Auf dem Weg zu dem Gemach, welches ihr Mandelion für die Dauer ihres Aufenthaltes zugewiesen hatte, war sie an der Halle der Stürme vorbeigekommen und die Erinnerungen an ihre Lehrstunden dort, hatten ihr Tränen in die Augen getrieben. Hätten sie damals schon um Merandils wahres Erbe gewusst, so hätten ihnen vielleicht ganz andere magische Wege offen gestanden. Vielleicht gab es schwarze Zauber, die man gegen die Schatten wenden konnte, solche, die Merandil mittels seiner dunklen Hälfte zu wirken imstande war, ohne Dimion etwas von seiner Lichtmagie preiszugeben.
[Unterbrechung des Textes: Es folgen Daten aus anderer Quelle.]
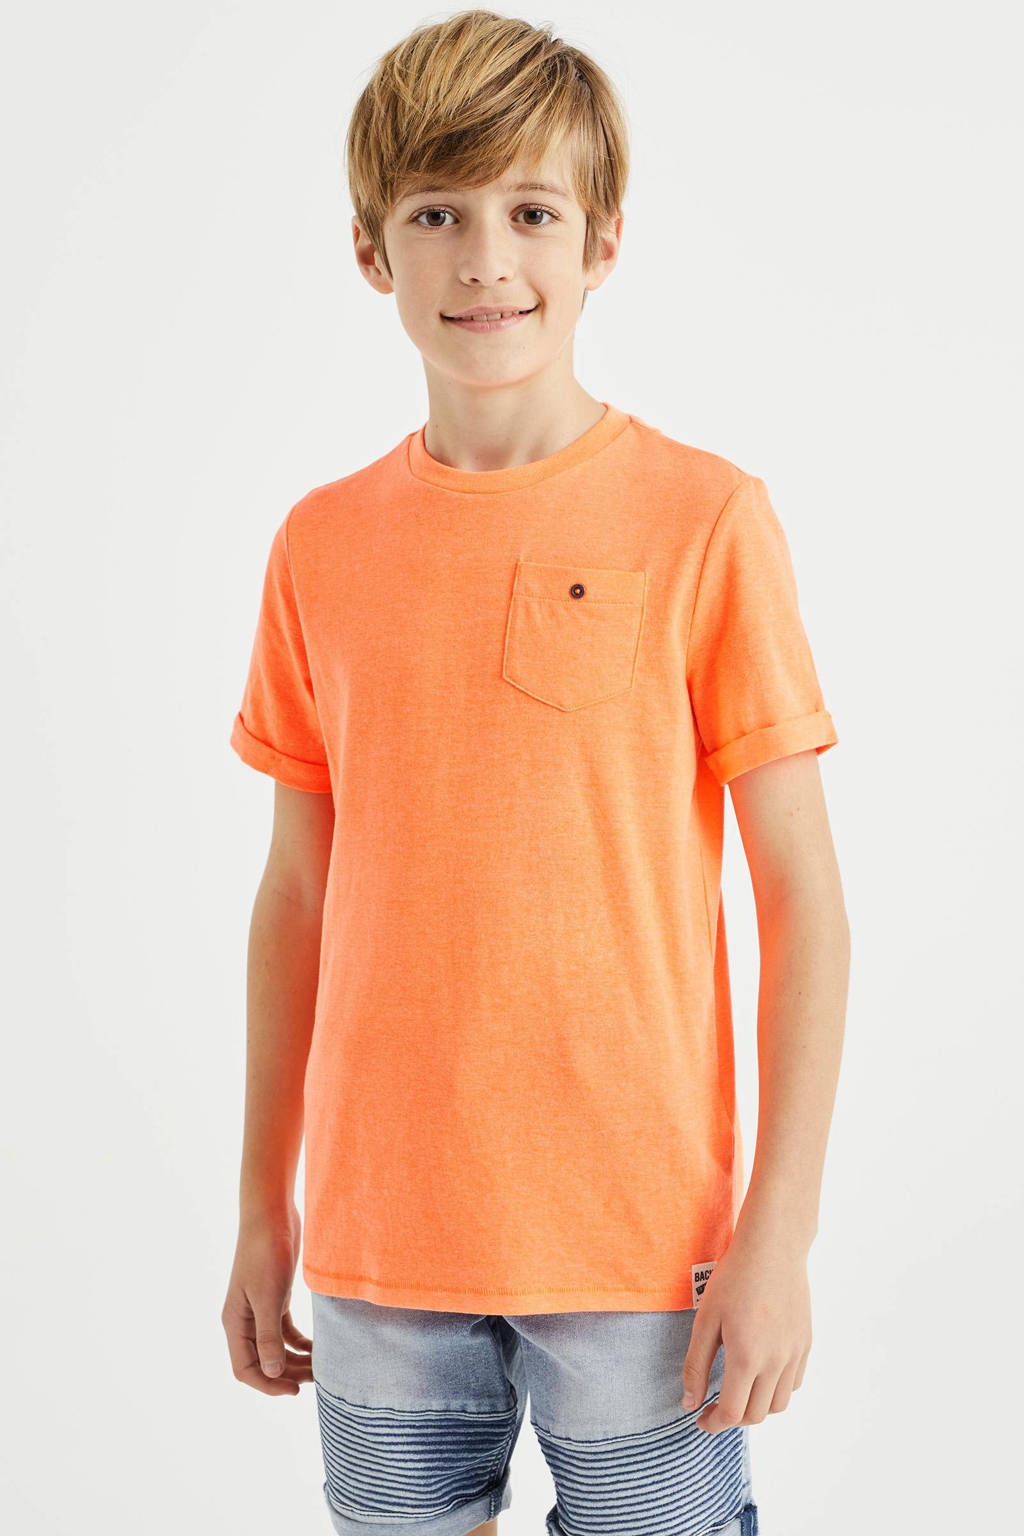 Smeltend markeerstift Kwelling WE Fashion T-shirt neon oranje | wehkamp

Konnte es sein, dass die magischen Anlagen in ihm nicht miteinander verschmolzen, sondern getrennt voneinander anzapfbar waren? Sie musste Lyberion dazu befragen. Wenn ja, dann würde es ihrem Liebsten vielleicht gelingen, seinen Vater mit dessen eigenen Waffen zu schlagen.

Anais war überrascht gewesen, wie schnell Mandelion eingewilligt hatte, sie zu Kalea ziehen zu lassen, wenn diese ausfindig zu machen wäre. Sie hatte mit harten Verhandlungen gerechnet und sich im Kopf schon, die auch noch so abstrusesten Argumente zurechtgelegt, um ihn davon zu überzeugen, dass es das einzig Richtige wäre.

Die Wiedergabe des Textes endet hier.